» What is required
Write out the listing below in its entirety, minus the pictures, without changing a word.

» Raw data
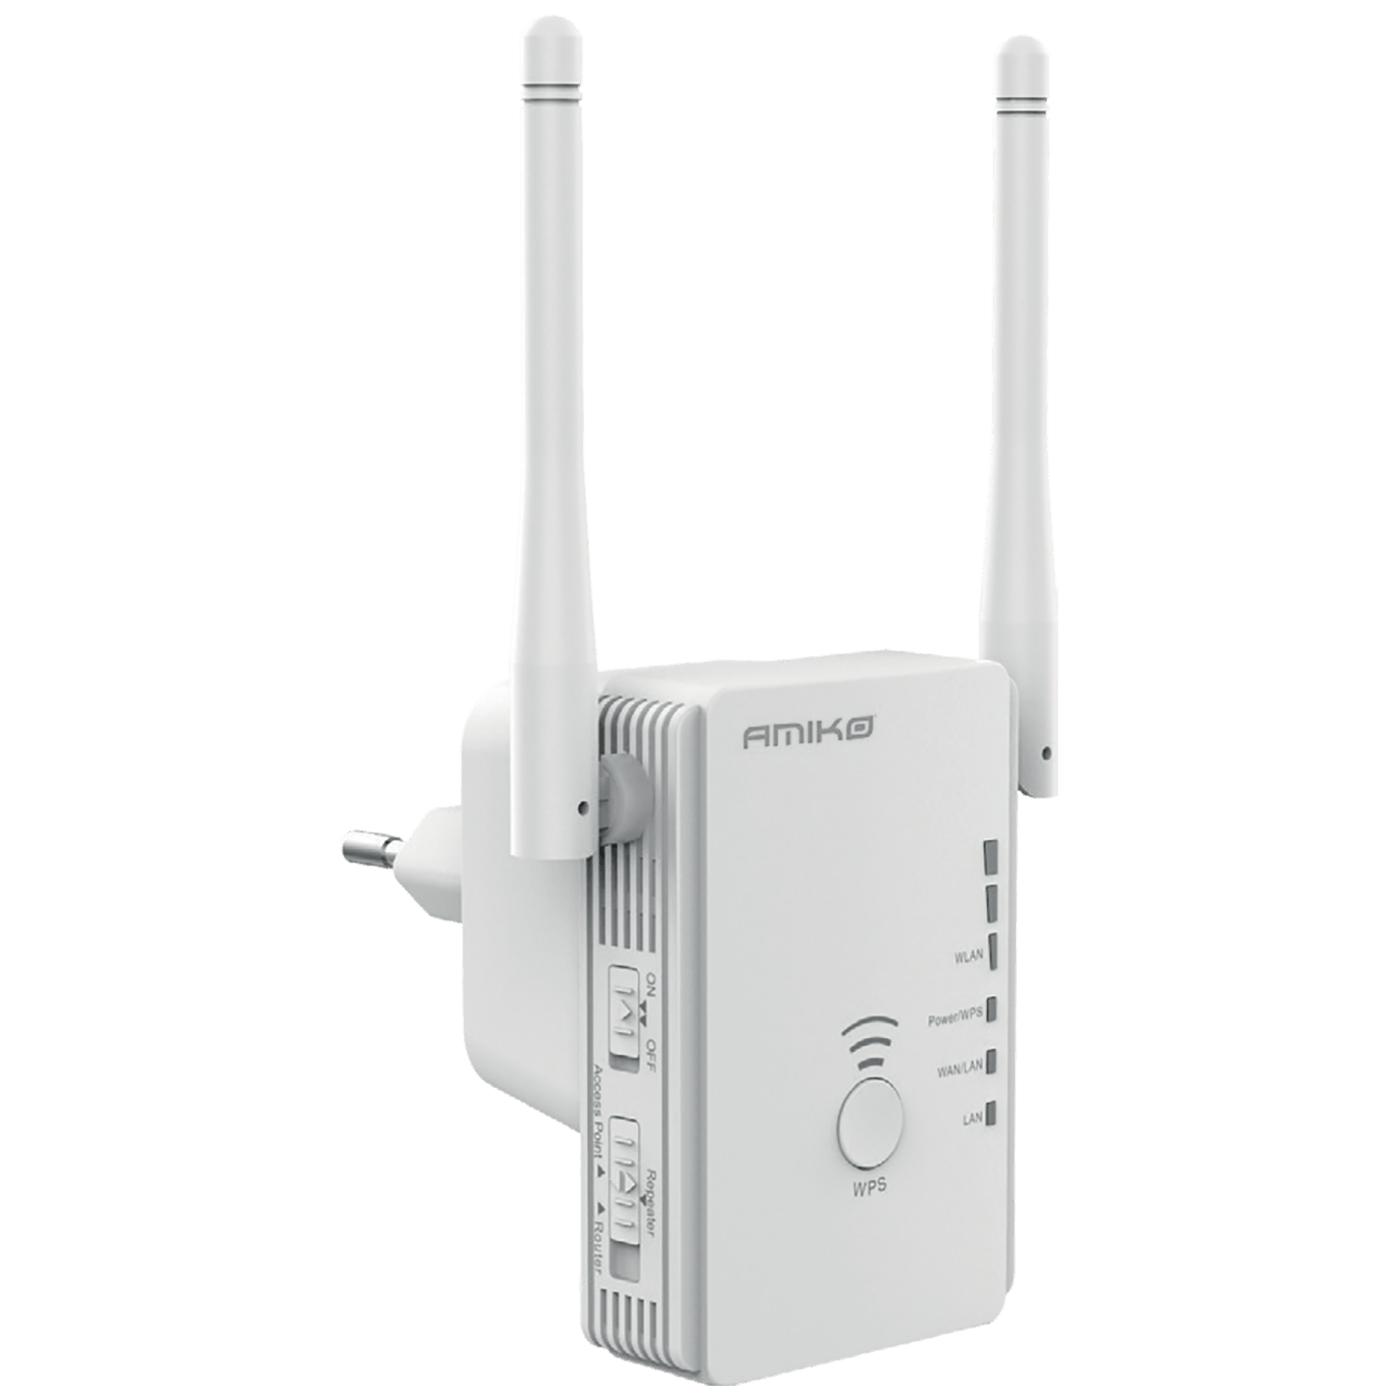 Wireless N AP/Router/Repeater, 300Mbps, 20dBm, 2.4 GHz
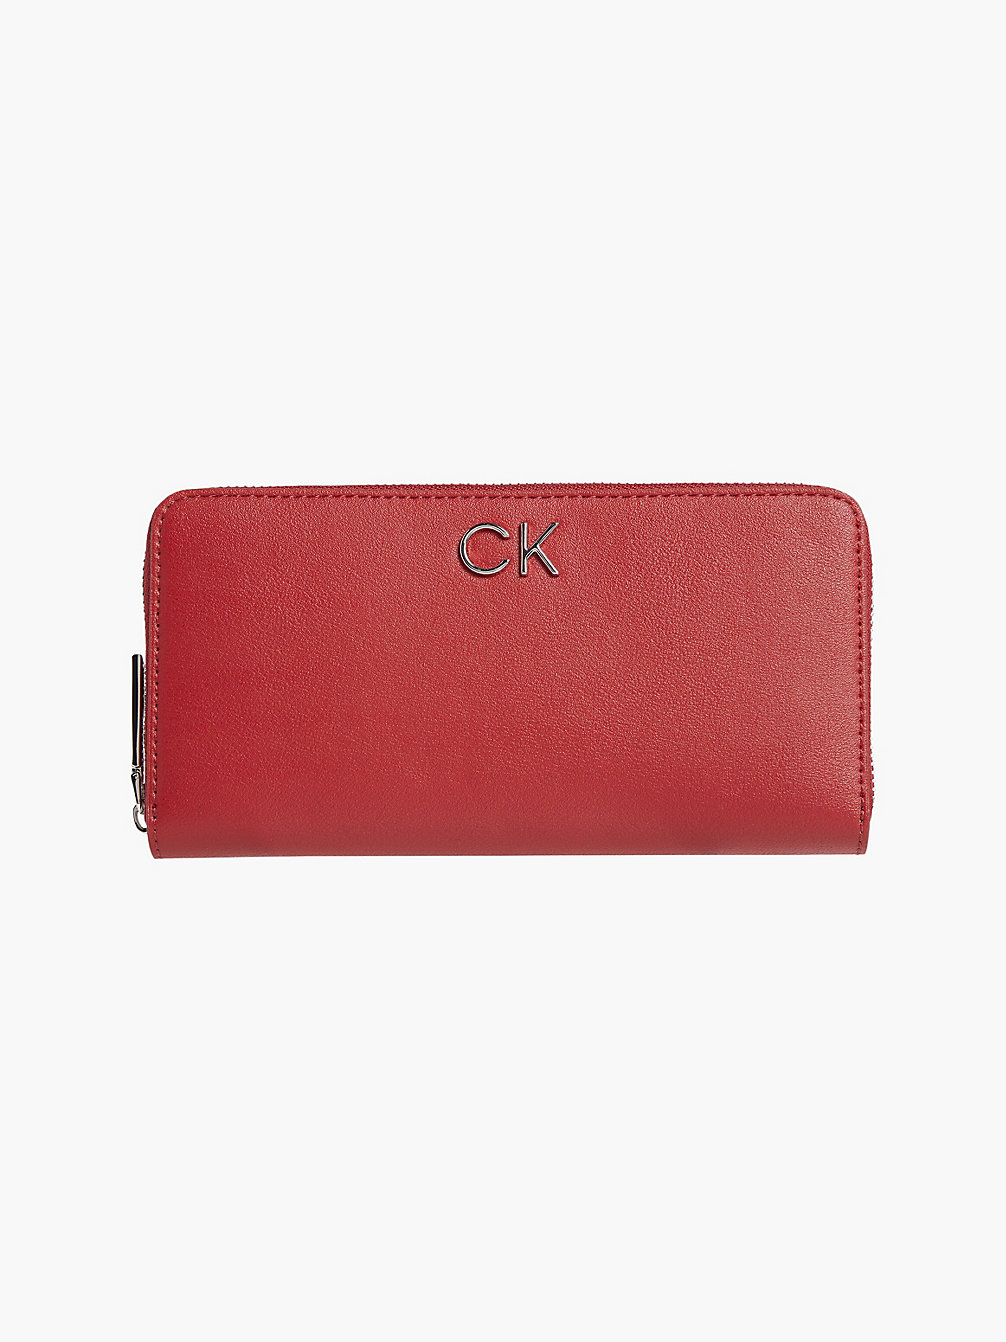 RACING RED Large Recycled Zip Around Wallet undefined women Calvin Klein
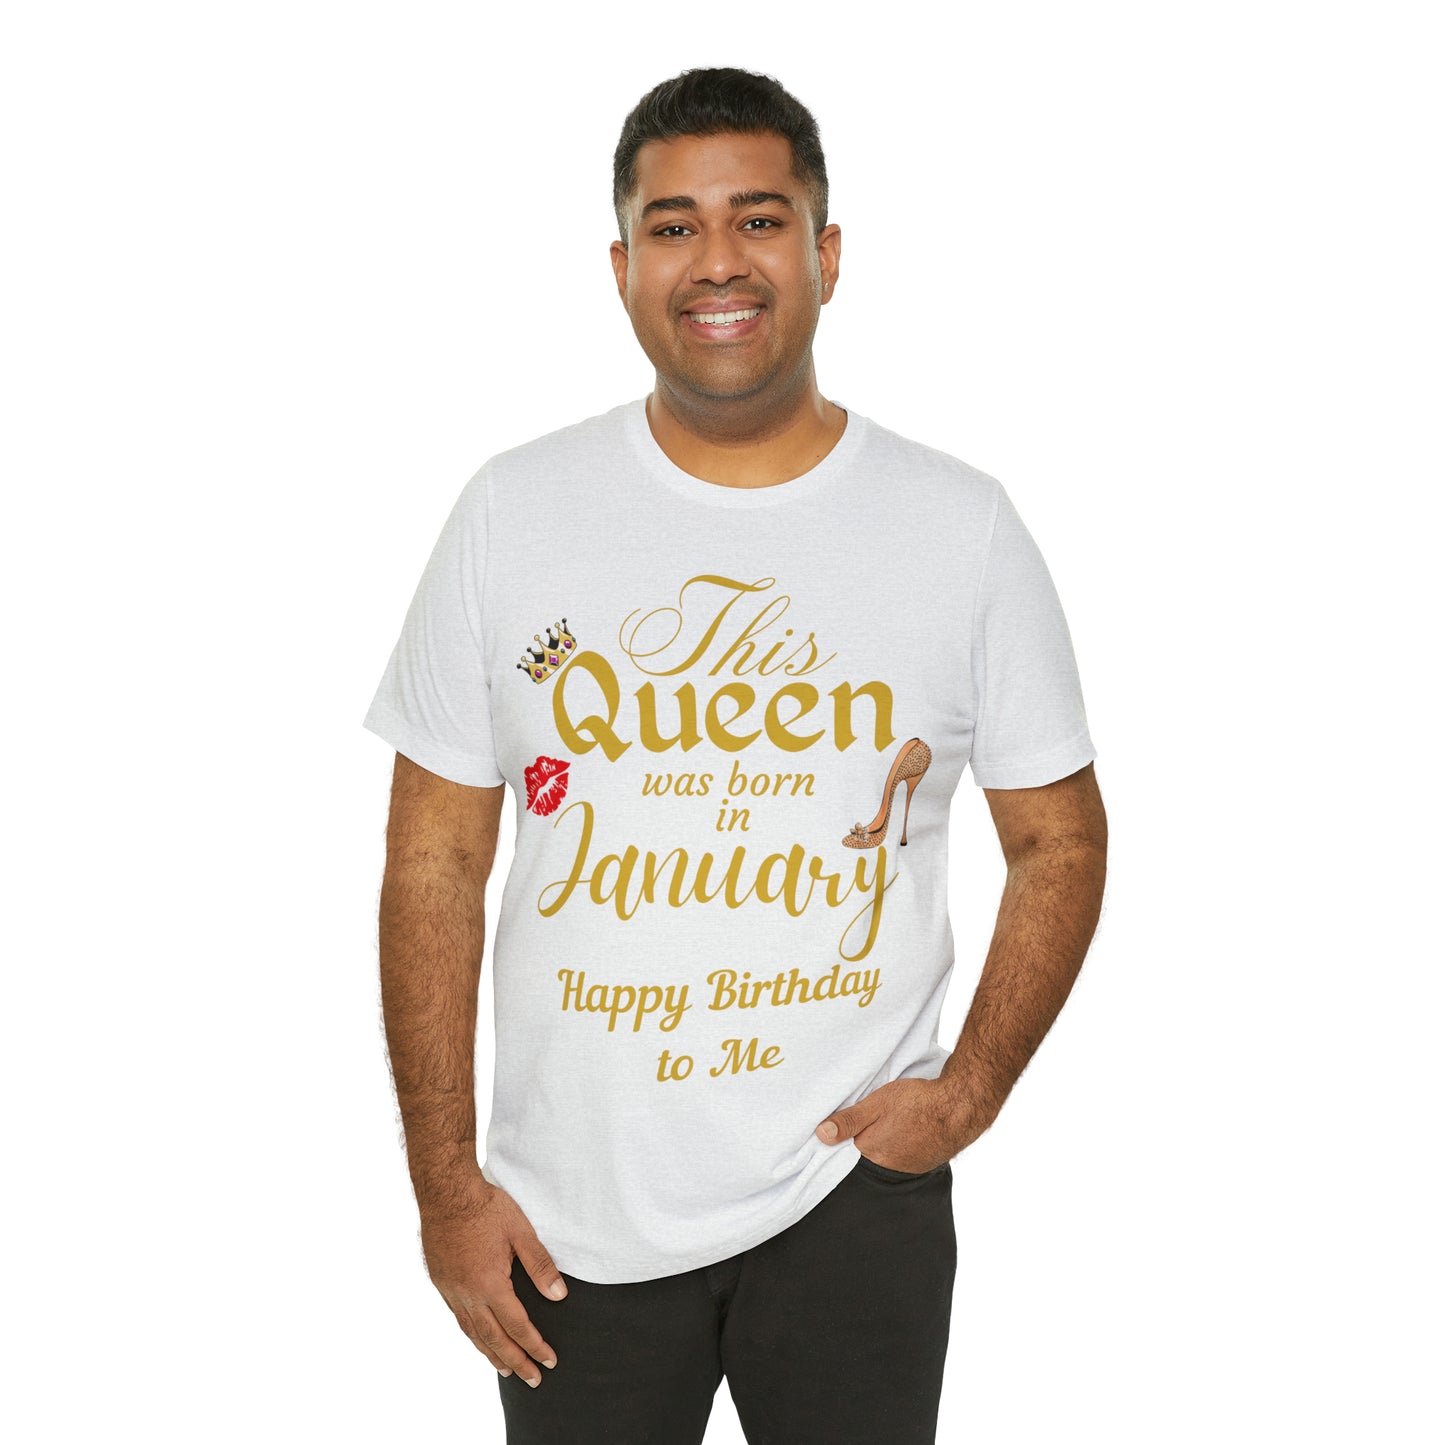 Birthday Queen Shirt, Gift for Birthday, This Queen was born in January Shirt, Funny Queen Shirt, Funny Birthday Shirt, Birthday Gift

» Task solution
 Wireless N AP/Router/Repeater, 300Mbps, 20dBm, 2.4 GHz
 RACING RED Large Recycled Zip Around Wallet undefined women Calvin Klein
 Birthday Queen Shirt, Gift for Birthday, This Queen was born in January Shirt, Funny Queen Shirt, Funny Birthday Shirt, Birthday Gift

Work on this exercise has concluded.